Count of N digit numbers with sum of every K consecutive digits equal

This problem involves finding the count of N digit numbers where the sum of every K consecutive digits in the number is the same. For example, if K=3 and the sum of first three digits is 6, then the sum of second, third and fourth digit must also be 6 for a valid number.

Approach

We can start by generating all possible N digit numbers and then checking if the sum of every K consecutive digits is equal. However, this would be a very inefficient approach as the number of N digit numbers can be very large.

Instead, we can use a dynamic programming approach where we calculate the number of valid N digit numbers for each possible prefix. Let's say we have calculated the number of valid N digit numbers for prefixes of length l. To calculate the number of valid N digit numbers for prefixes of length l+1, we simply consider all valid prefixes of length l and append one more digit to them. The new digit appended can be any number between 0 to 9, but we can prune some of the possible digits by maintaining a running sum for every K consecutive digits.

For example, let's say K=3 and we have a prefix 1258 with a running sum of 6 for the first three digits. The valid digits that can be appended at the end are those whose sum with the previous two digits is equal to 6. These digits are {0, 1, 2, 3, 6}.
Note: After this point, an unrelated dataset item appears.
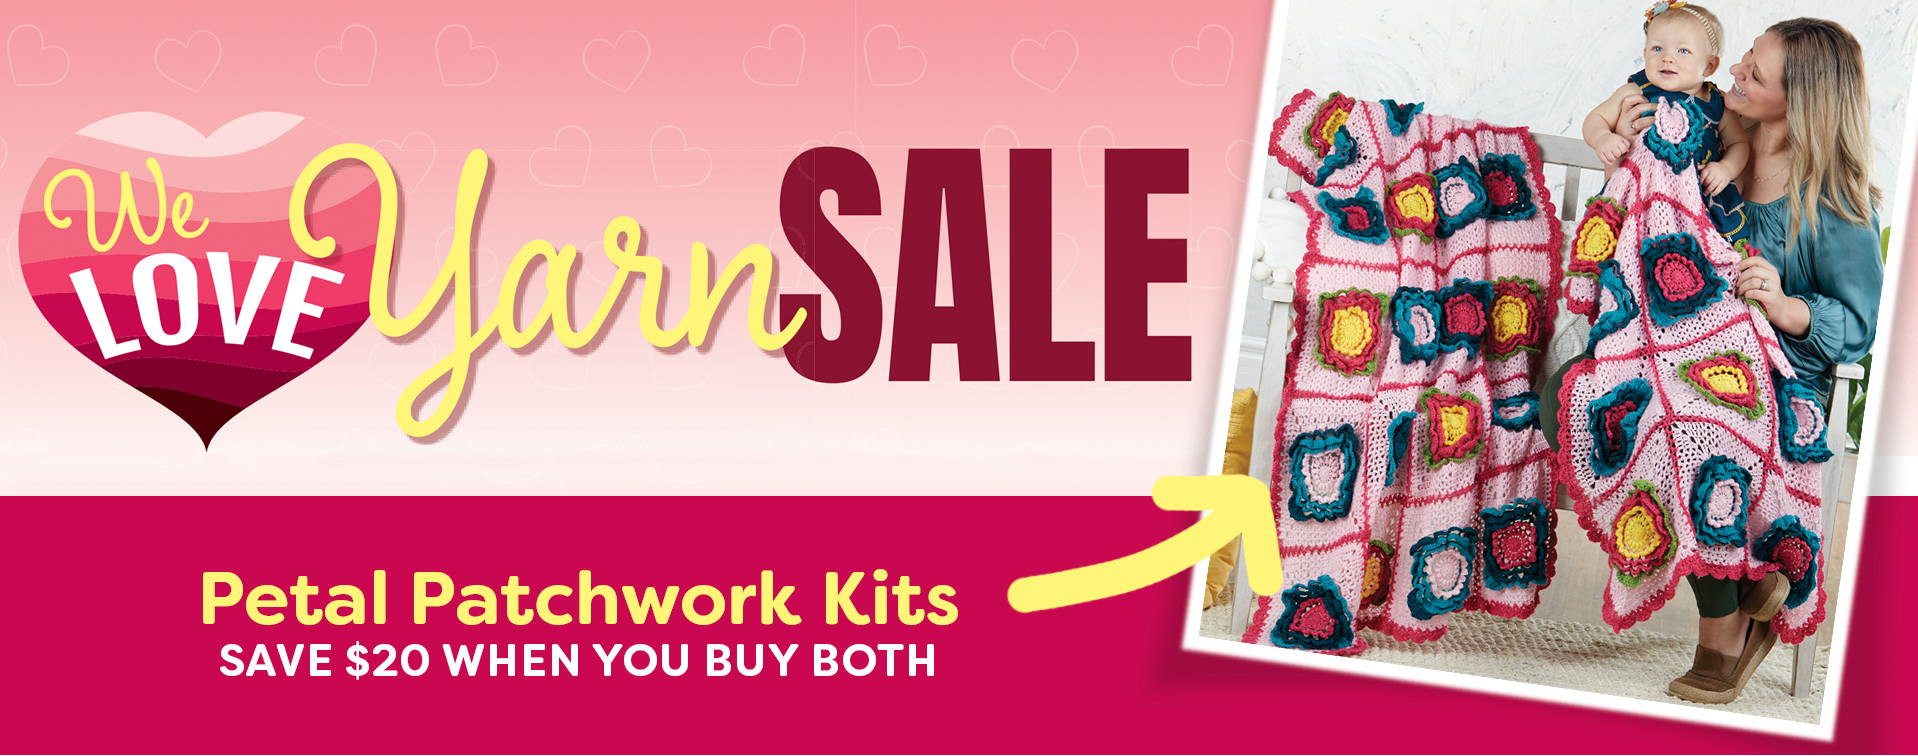 We Love Yarn Sale: Save $20 when you buy both Petal Patchwork Kits

Using this approach, we can calculate the number of valid N digit numbers for a given N and K.

Code

def count_numbers(N, K):
    # Initialize DP table with prefixes of length 1
    dp = [[0] * 10 for _ in range(K)]
    for i in range(10):
        dp[0][i] = 1

    # Calculate DP table for prefixes of length 2 to N
    for i in range(1, N):
        dp_new = [[0] * 10 for _ in range(K)]
        for j in range(10):
            for k in range(K):
                for l in range(10):
                    if k == 0:
                        dp_new[k][(j+l)%K] += dp[k][j]
                    else:
                        if (j+l)%K == k:
                            dp_new[k][(j+l)%K] += dp[k-1][j]
        dp = dp_new

    # Sum up all counts for valid N digit numbers
    count = 0
    for i in range(K):
        count += dp[i][0]

    return count

This code uses a 2D DP table to store the counts of N digit numbers for each possible prefix and running sum. The time complexity of this code is O(N * K^2) and the space complexity is O(K^2).